The Office of Inspector General is charged with preventing fraud and abuse related to federal healthcare spending. Did you know that a new focus of audits are coming?
Prepare your agency for the upcoming OIG hospice eligibility audits for hospices for FY 2023. Hospice's fiscal year is October 1 through September 30 each year. Beginning October 01, 2022, the OIG will begin conducting eligibility audits. These audits are focused and targeted. The audit will be focused on beneficiary eligibility for hospice services in the absence of a recent hospital stay or encounter.
These audits are in response to compliance audits with show questions regarding a beneficiary's eligibility for utilization of the hospice benefit. The OIG does not conduct random audits. The top reason for ADR (additional determination request) is the lack of documentation to support a prognosis of six months or less. Hospice is a benefit for those who have been diagnosed with a terminal diagnosis and have been given a prognosis of six months or less to live if the disease follows its normal course.
Medicare in 2018 spent over 13.8 billion Medicare dollars for payments of patients with a length of stay greater than 180 days.
What can your agency do to prepare? First, each hospice agency should admit only those beneficiaries with the clinical documentation to support a terminal condition as outlined in the CMS Local Coverage Determination (LCDs) and additional medical documents. Meet with your admissions team and performance improvement departments to develop effective processes to ensure that the supportive information is collected during the intake, referral and admission processes.
Take a look at the certification of terminal illness processes and present the clinical data to your hospice medical director for review prior to scheduling an admission. Review the certification of terminal illness documentation by the physicians to ensure that the clinical narrative details a hospice eligible patient and includes the prognostic and attestation statements.

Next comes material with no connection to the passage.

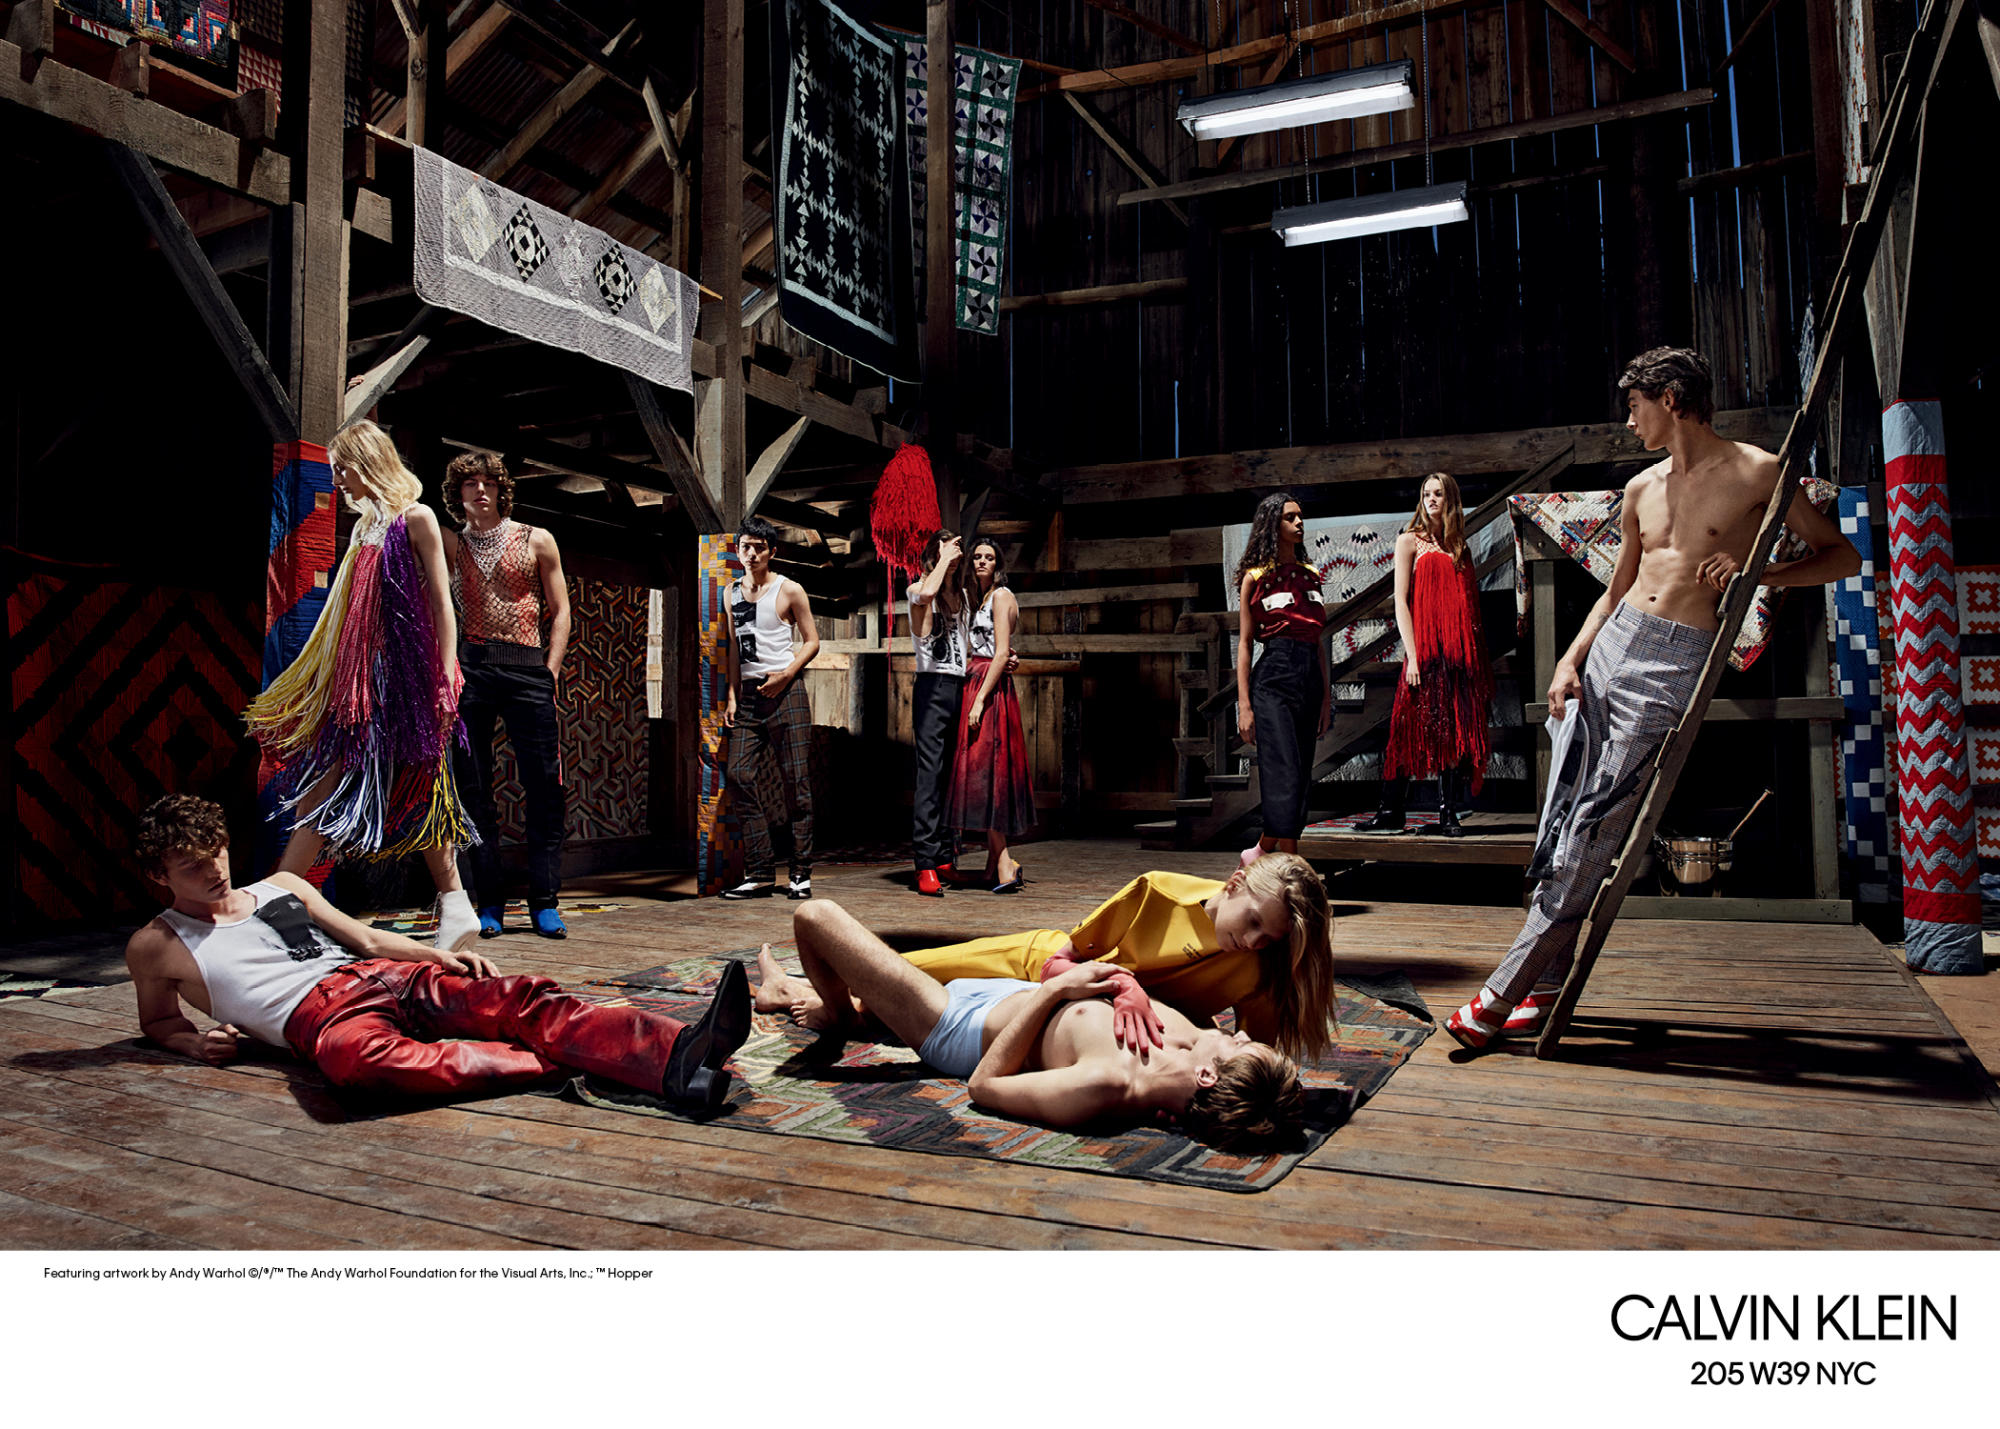 Calvin Klein 2018 S/S AD campaign

If clinical documentation is lacking upon referral, it is prudent to take the necessary time to collect the supporting information for the practitioners or facilities that have served the patient. If the patient was not discharged from a hospital, or seen at a local Emergency center, contact the patient's physician(s).
Take the time to build the supportive information and be prepared to be audited for admissions that are at risk (non-hospital discharge/visit) Success with this audit's focus will abide in your due diligence and following of processes. Non-compliance will be costly for the agency.